(Problem requirements)
The data that follows is to be copied exactly, with each image removed.

(Data provided)
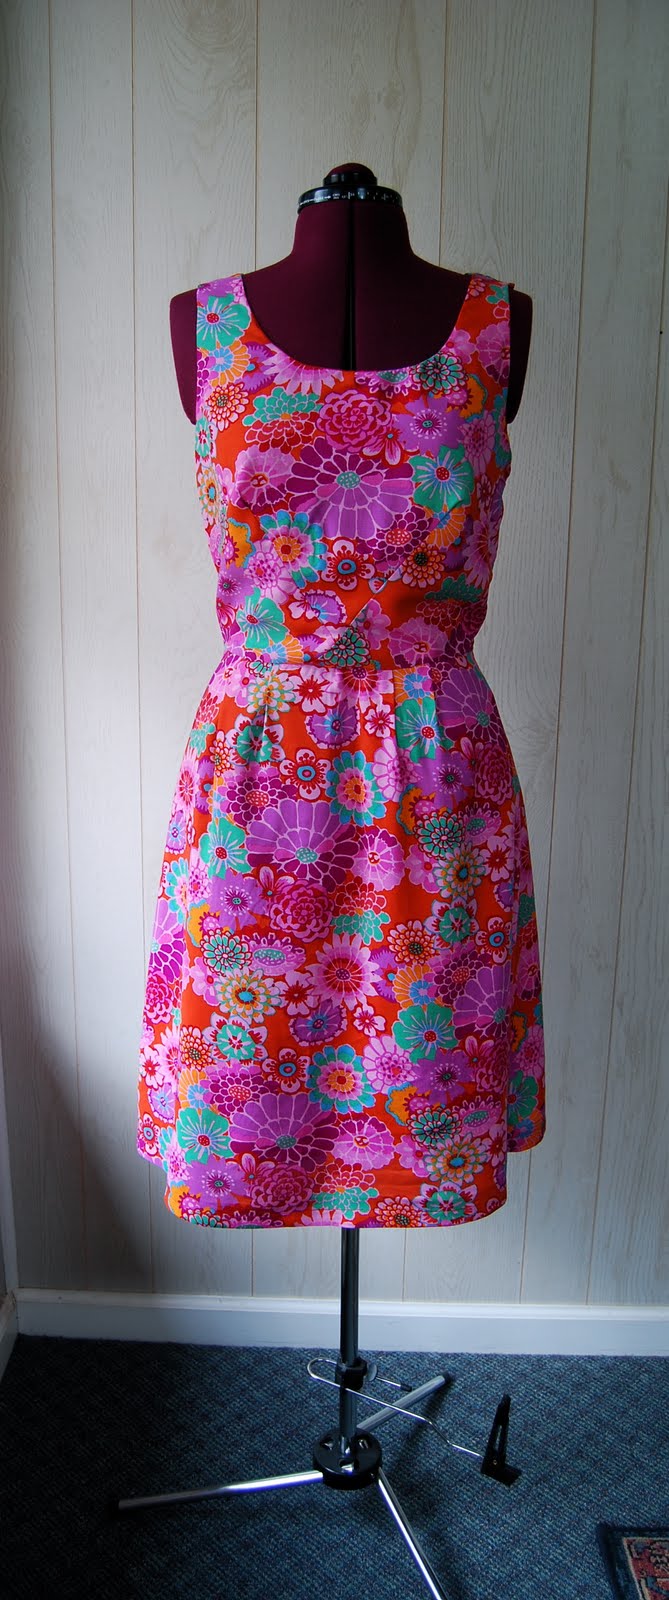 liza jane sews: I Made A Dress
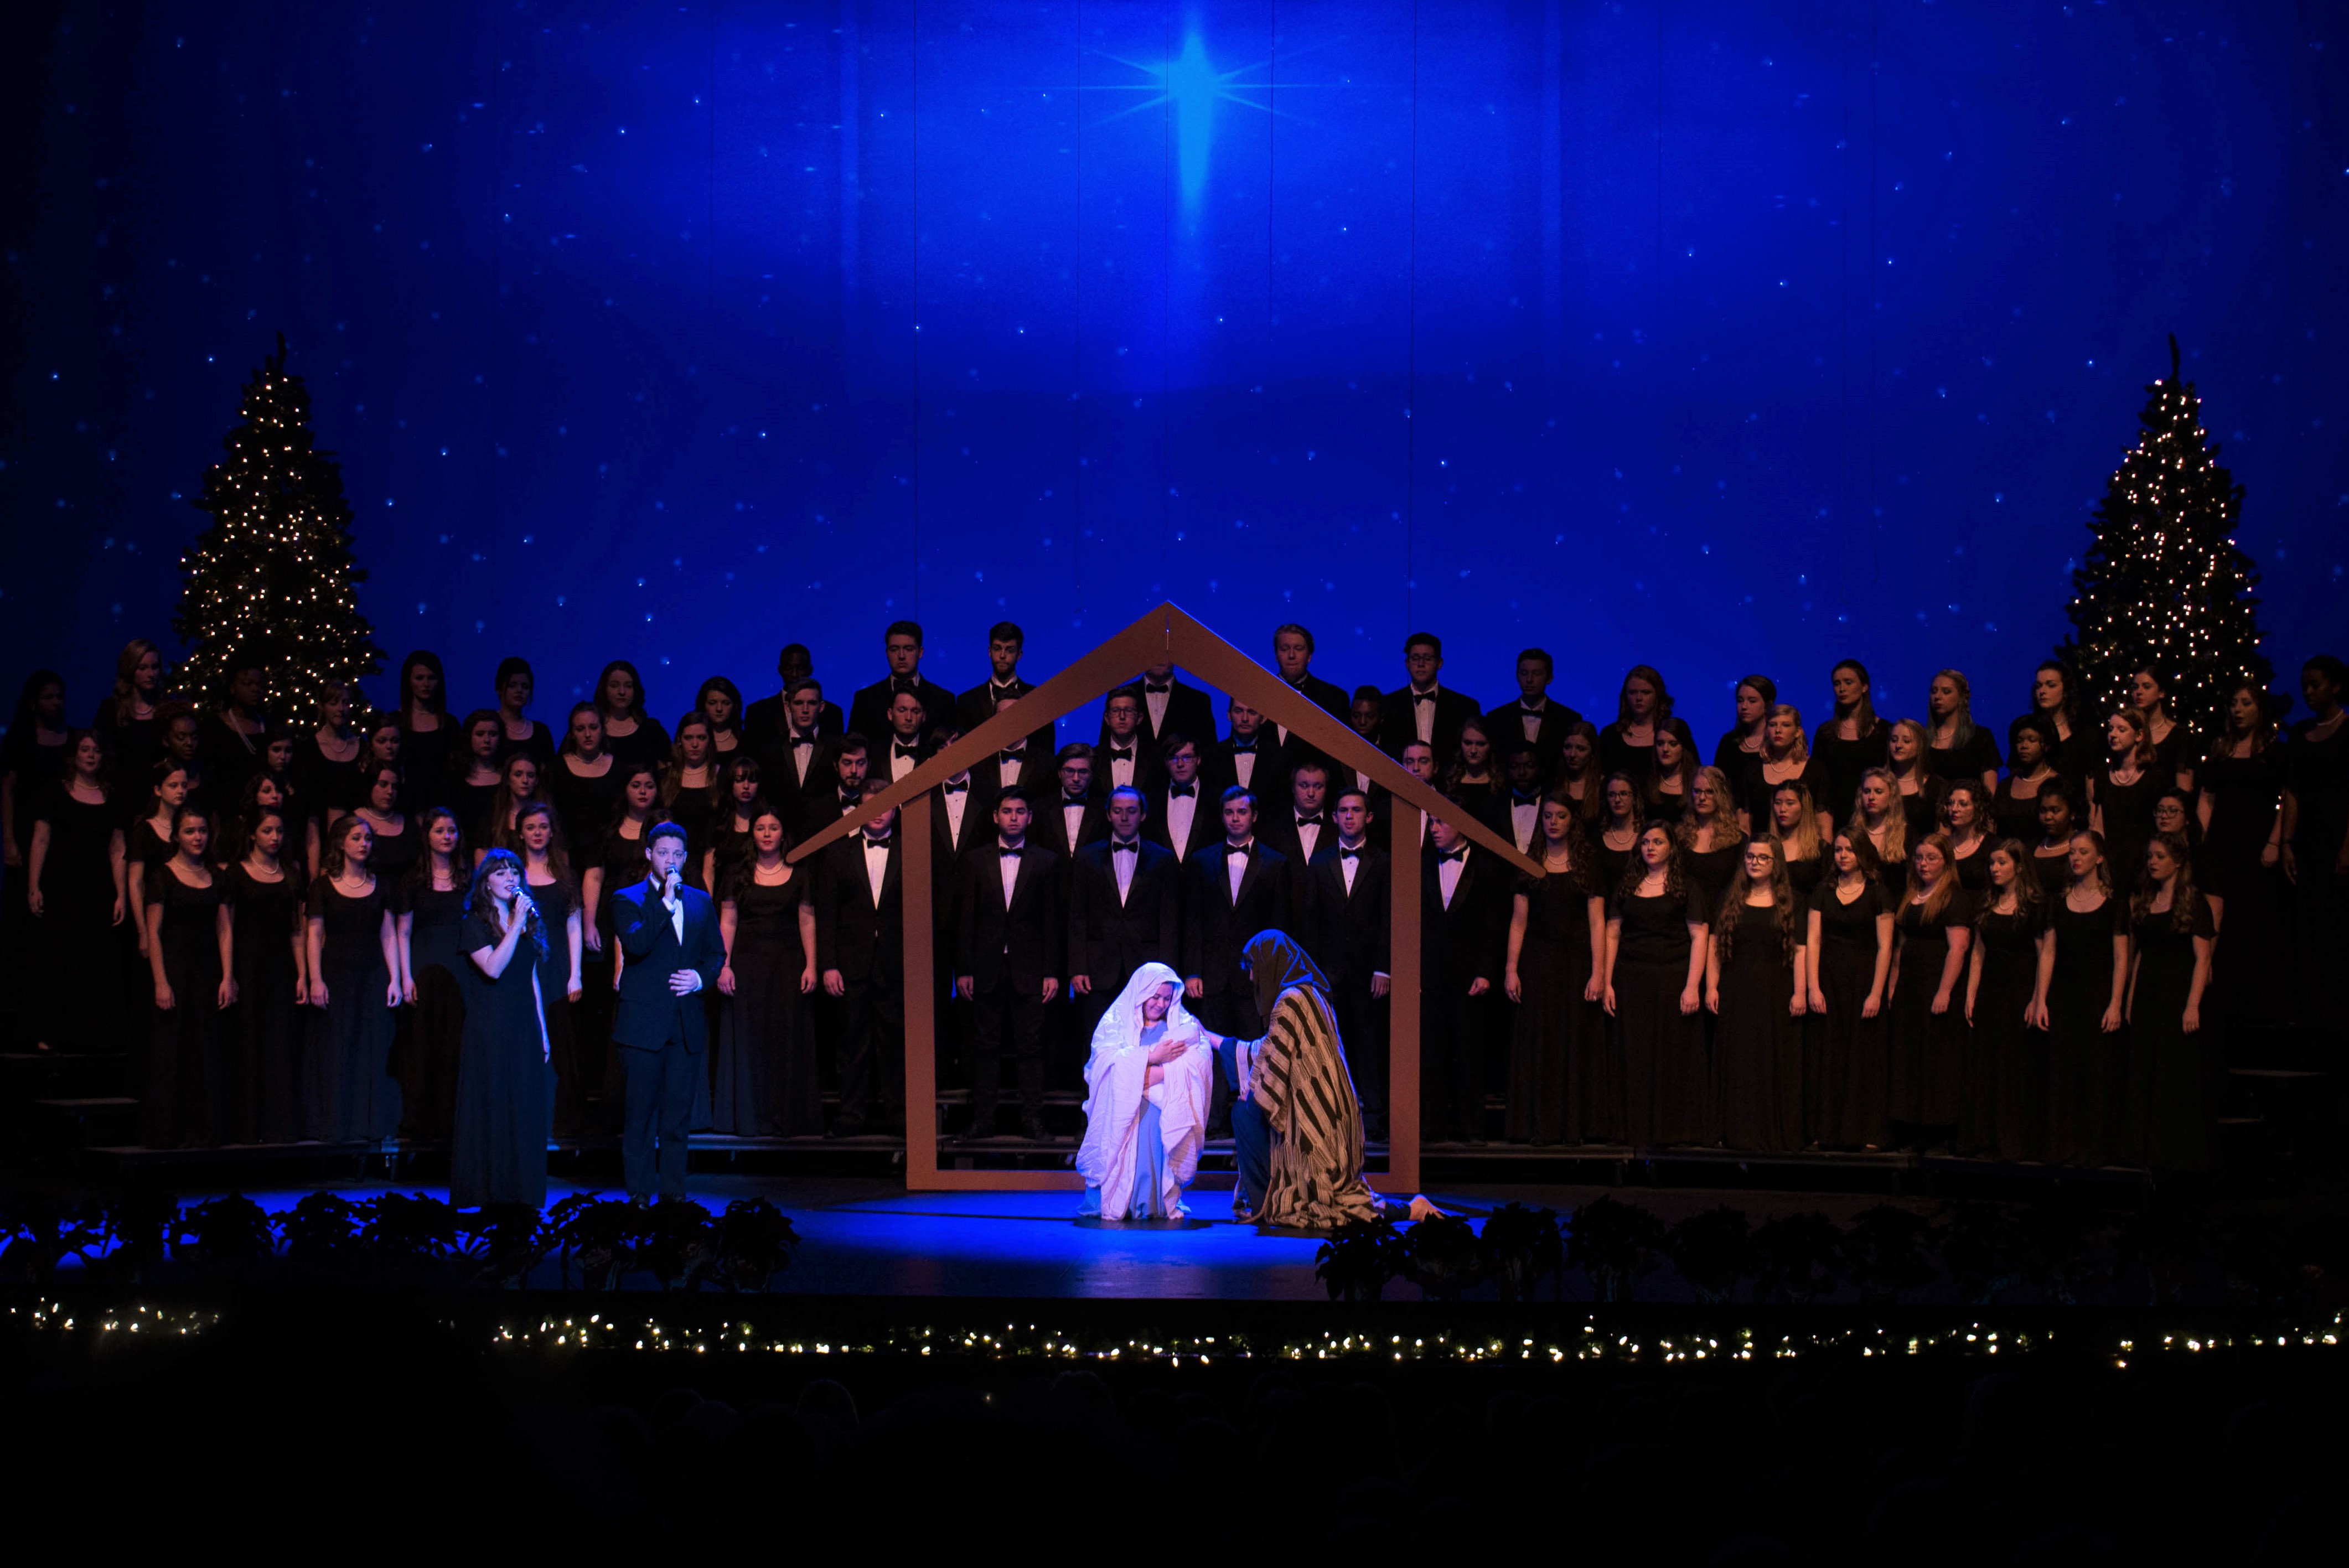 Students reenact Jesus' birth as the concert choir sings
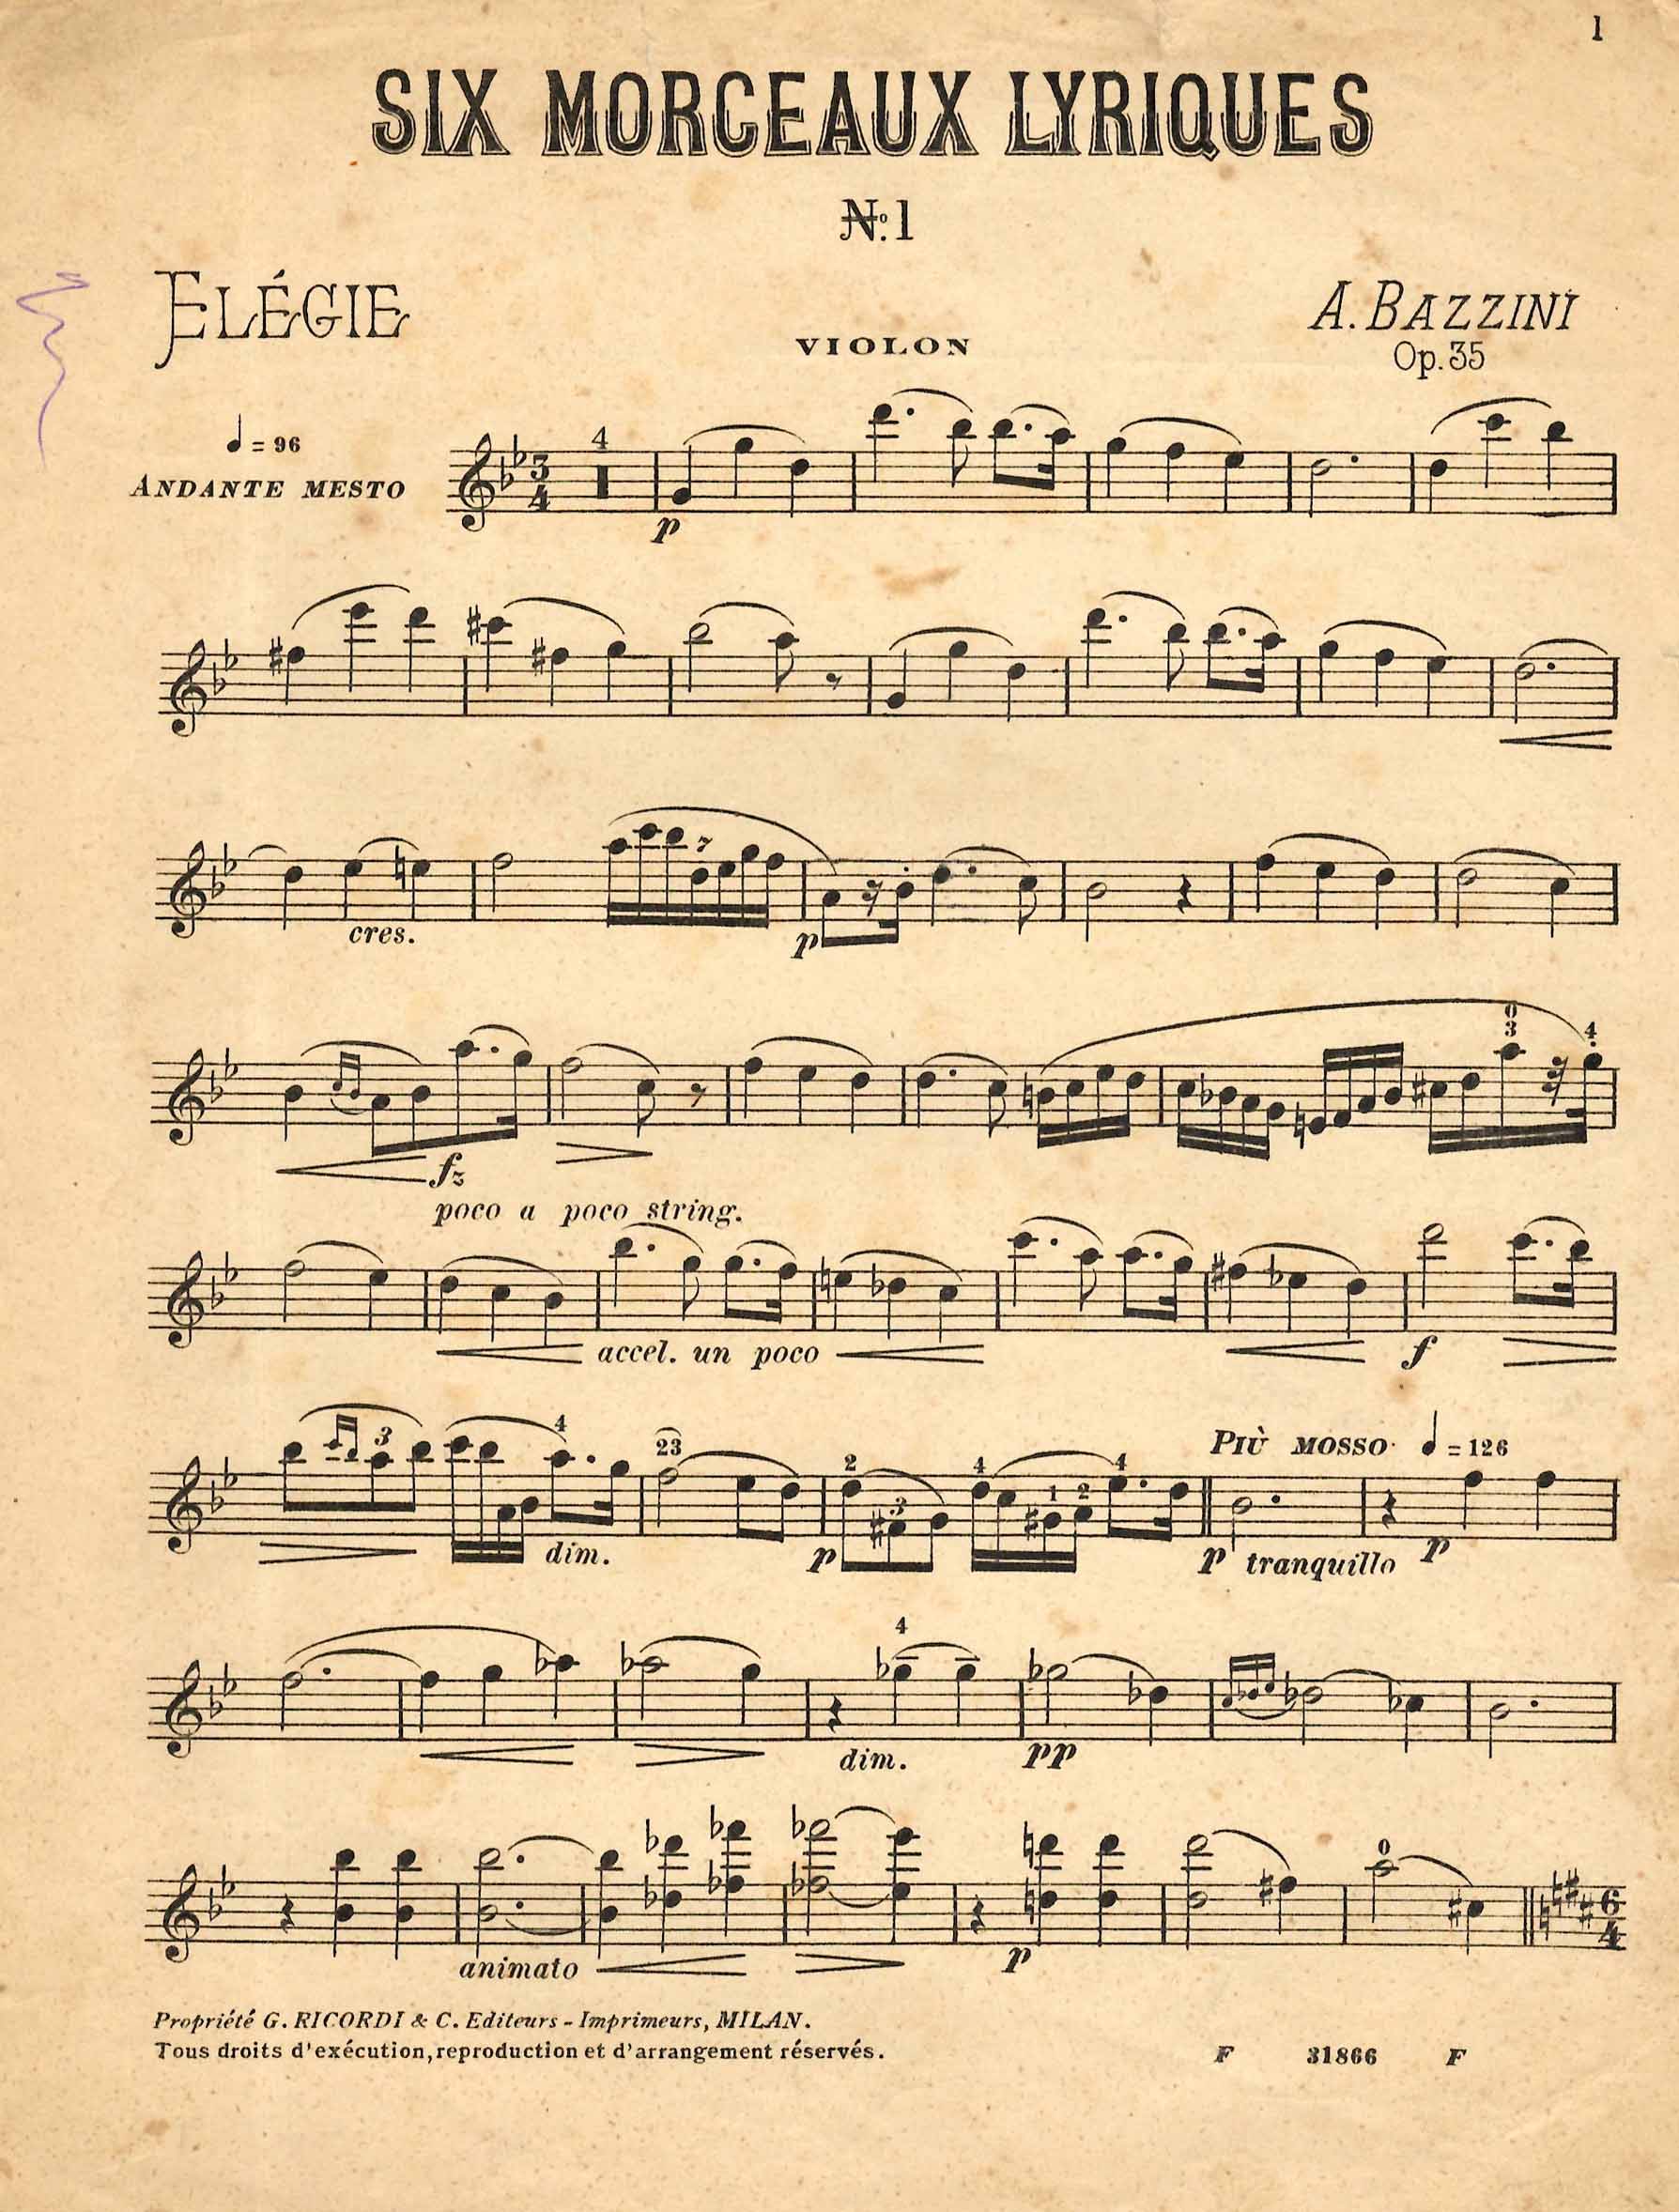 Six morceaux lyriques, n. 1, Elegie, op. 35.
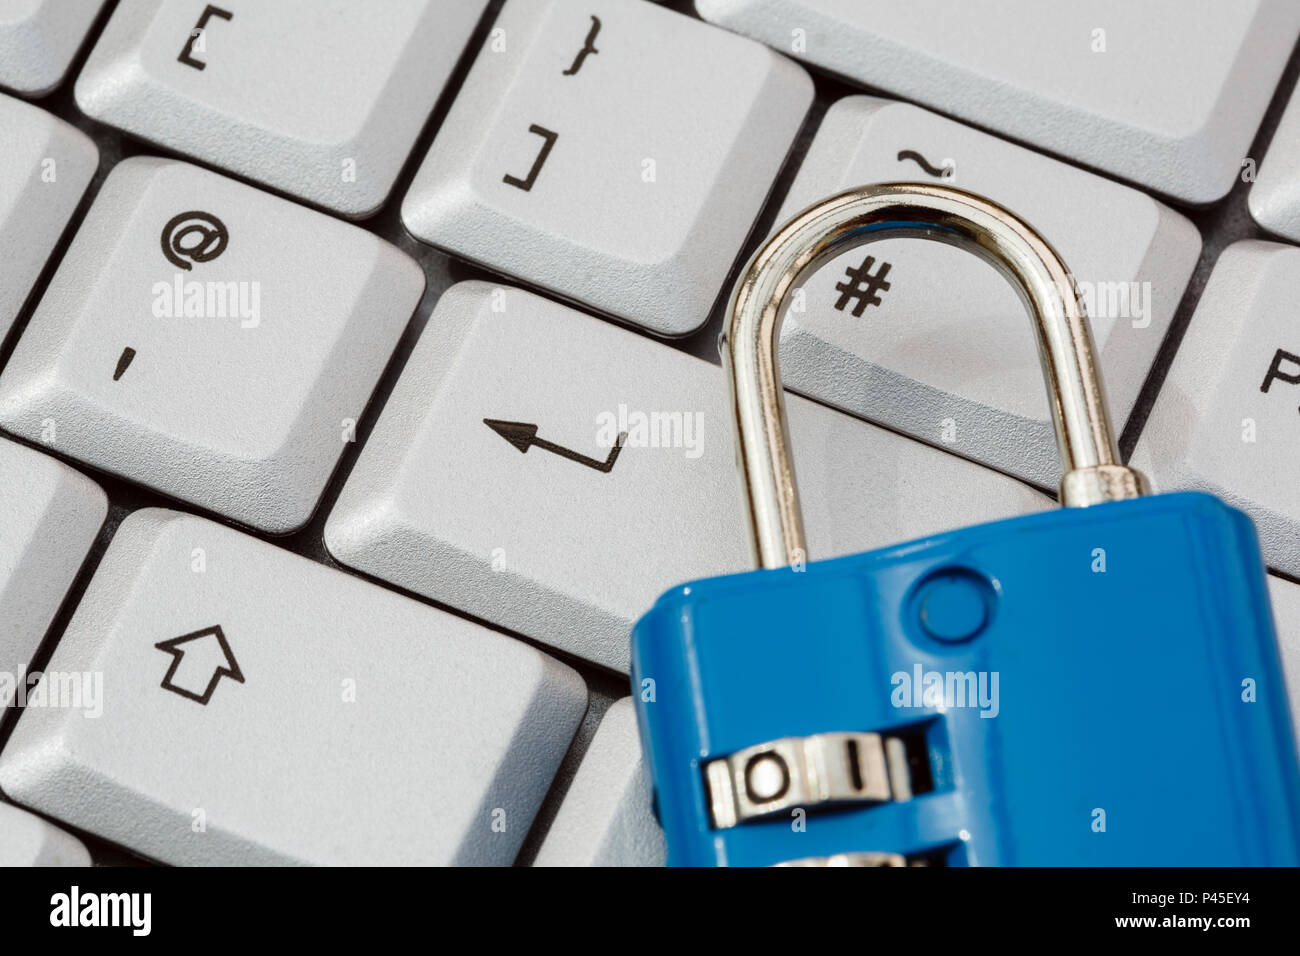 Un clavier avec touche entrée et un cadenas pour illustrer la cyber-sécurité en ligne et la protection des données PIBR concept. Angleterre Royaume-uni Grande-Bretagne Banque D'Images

(Exercise response)
 liza jane sews: I Made A Dress
 Students reenact Jesus' birth as the concert choir sings
 Six morceaux lyriques, n. 1, Elegie, op. 35.
 Un clavier avec touche entrée et un cadenas pour illustrer la cyber-sécurité en ligne et la protection des données PIBR concept. Angleterre Royaume-uni Grande-Bretagne Banque D'Images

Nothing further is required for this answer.